I want my AOP!, Part 1

Separate software concerns with aspect-oriented programming

By Ramnivas Laddad, JavaWorld.com, 01/18/02

Page 2 of 7

Currently, OOP serves as the methodology of choice for most new software development projects. Indeed, OOP has shown its strength when it comes to modeling common behavior. However, as we will see shortly, and as you may have already experienced, OOP does not adequately address behaviors that span over many -- often unrelated -- modules. In contrast, AOP methodology fills this void. AOP quite possibly represents the next big step in the evolution of programming methodologies.

View the system as a set of concerns

We can view a complex software system as a combined implementation of multiple concerns. A typical system may consist of several kinds of concerns, including business logic, performance, data persistence, logging and debugging, authentication, security, multithread safety, error checking, and so on. You'll also encounter development-process concerns, such as comprehensibility, maintainability, traceability, and evolution ease . Figure 1 illustrates a system as a set of concerns implemented by various modules.

Figure 2 presents a set of requirements as a light beam passing through a prism. We pass a requirements light beam through a concern-identifier prism, which separates each concern. The same view also extends towards development-process concerns.

Crosscutting concerns in a system

A developer creates a system as a response to multiple requirements. We can broadly classify these requirements as core module-level requirements and system-level requirements. Many system-level requirements tend to be orthogonal (mutually independent) to each other and to the module-level requirements. System-level requirements also tend to crosscut many core modules. For example, a typical enterprise application comprises crosscutting concerns such as authentication, logging, resource pooling, administration, performance, and storage management. Each crosscuts several subsystems. For example, a storage-management concern affects every stateful business object.

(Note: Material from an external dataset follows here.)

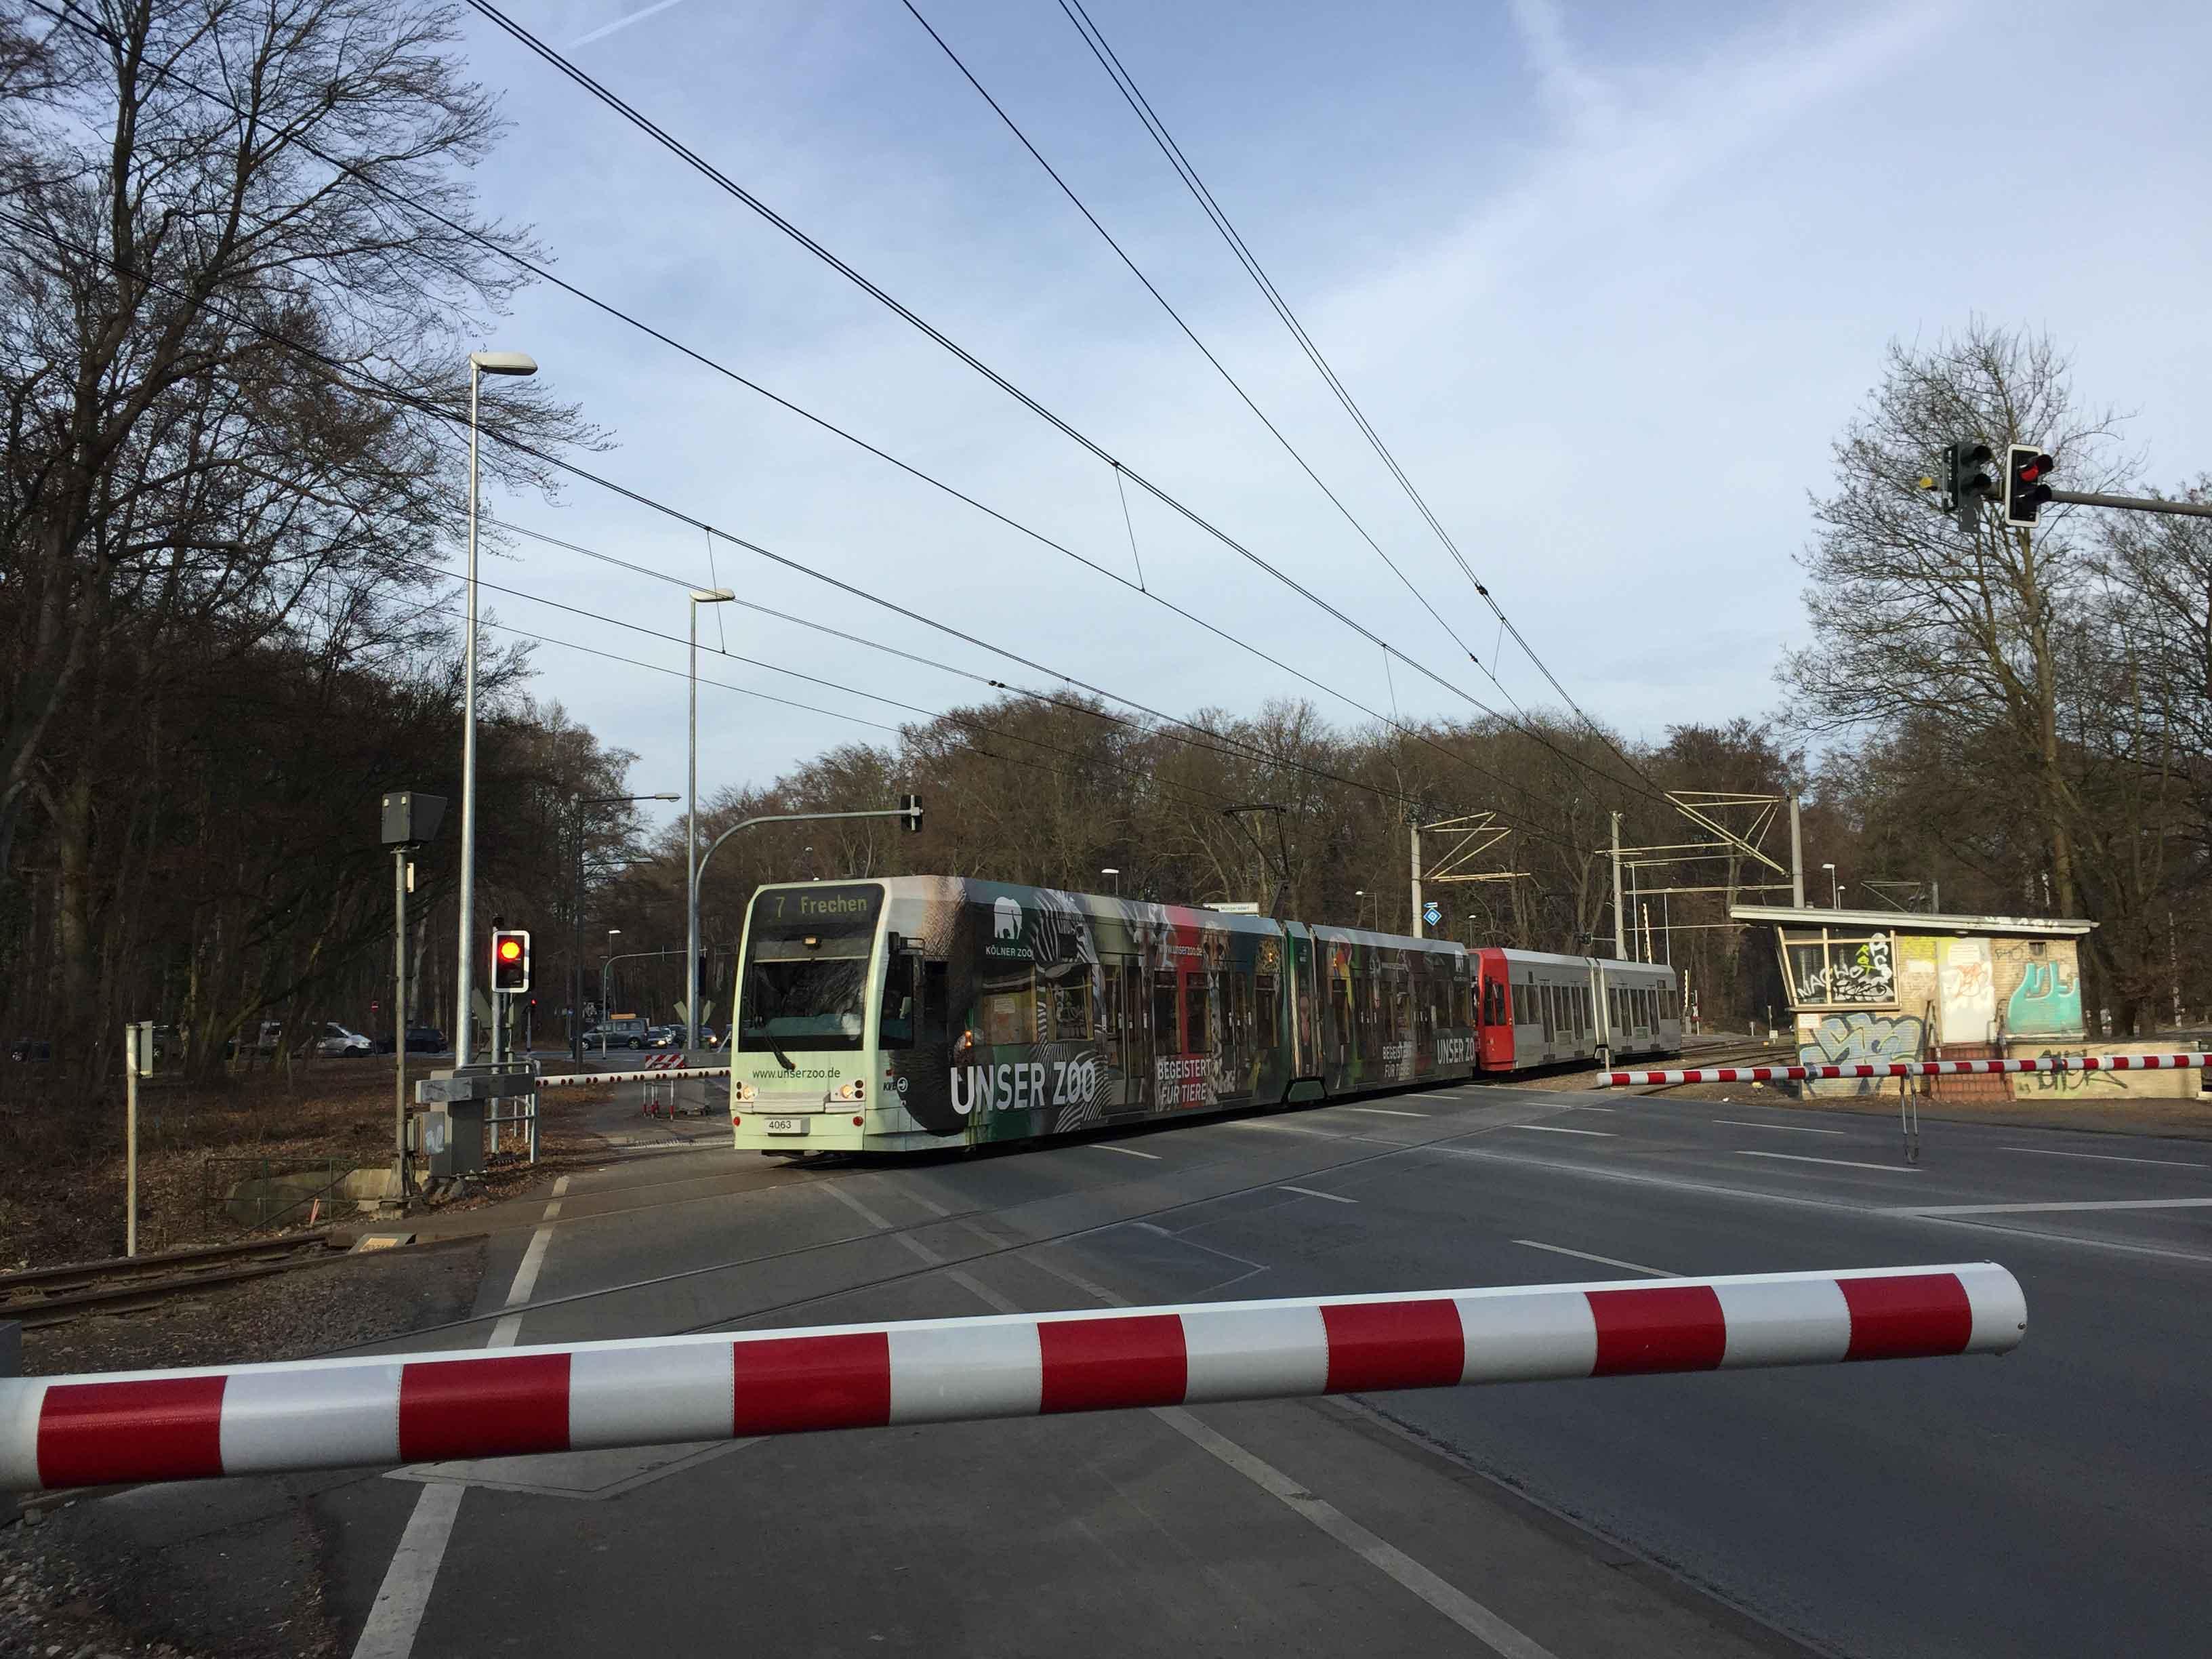 Am Militärring verläuft die Linie 7 über einen klassischen Bahnübergang und verschwindet dann zunächst im Grünen.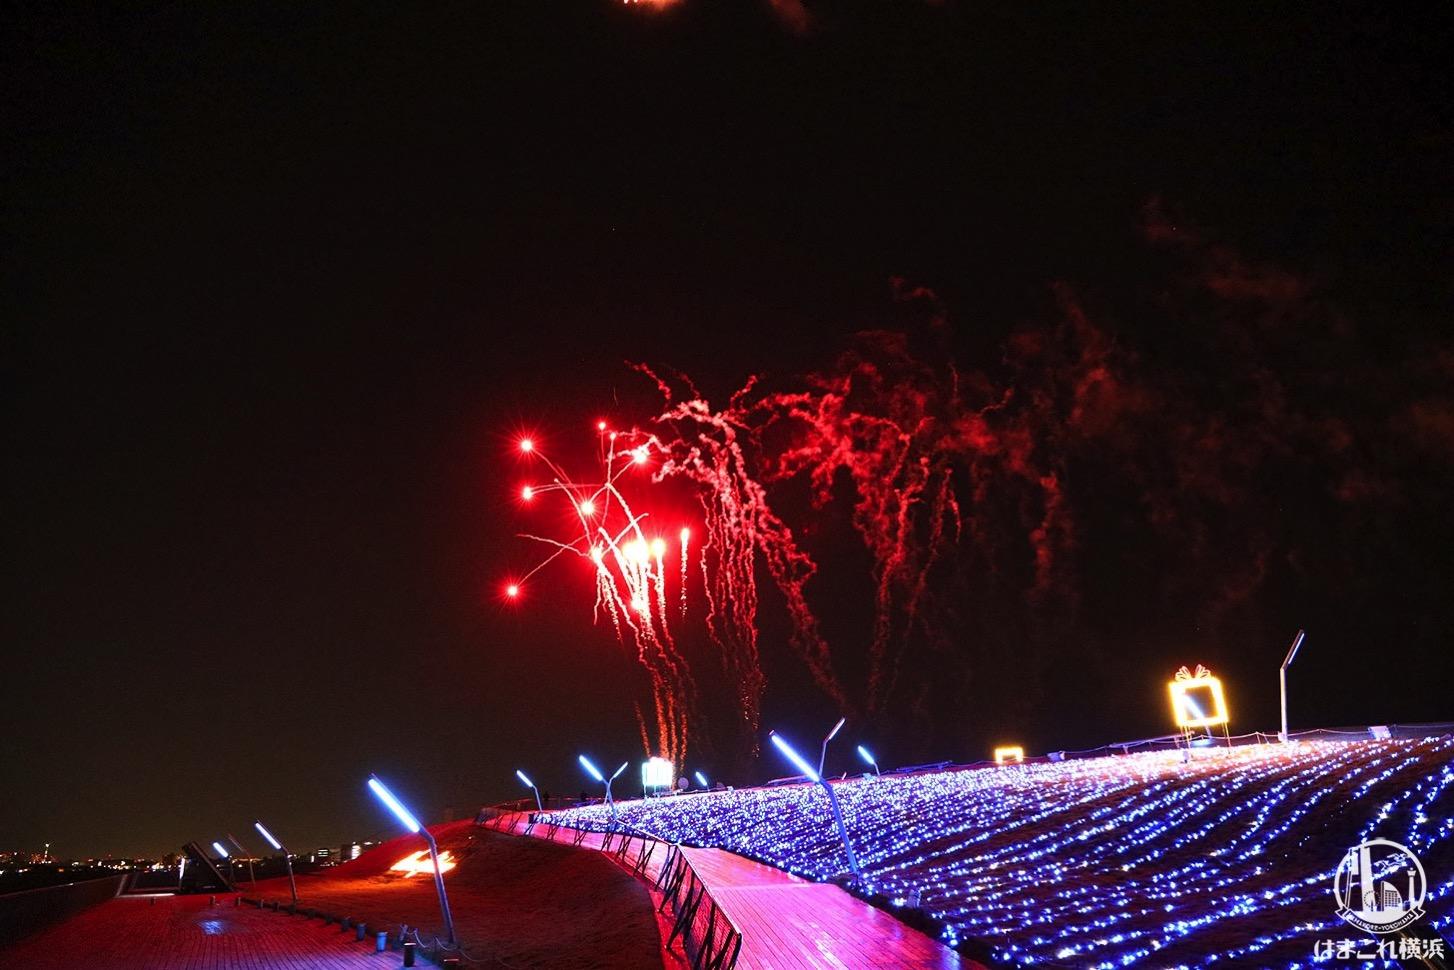 横浜港大さん橋の打ち上げ花火

Let's consider a simple, but more concrete, example. Consider a skeleton implementation of a class encapsulating some business logic:

public class SomeBusinessClass extends OtherBusinessClass {
    // Core data members
    // Other data members: Log stream, data-consistency flag
    // Override methods in the base class
    public void performSomeOperation(OperationInformation info) {
        // Ensure authentication
        // Ensure info satisfies contracts
        // Lock the object to ensure data-consistency in case other 
        // threads access it
        // Ensure the cache is up to date
        // Log the start of operation
        // ==== Perform the core operation ====
        // Log the completion of operation
        // Unlock the object
    }
    // More operations similar to above
    public void save(PersitanceStorage ps) {
    }
    public void load(PersitanceStorage ps) {
    }
}

In the code above, we must consider at least three issues. First, other data members do not belong to this class's core concern. Second, implementation of performSomeOperation() seems to do more than perform the core operation; it seems to handle the peripheral logging, authentication, multithread safety, contract validation, and cache management concerns. In addition, many of these peripheral concerns would likewise apply to other classes. Third, it is not clear if save() and load() performing persistence management should form the core part of the class.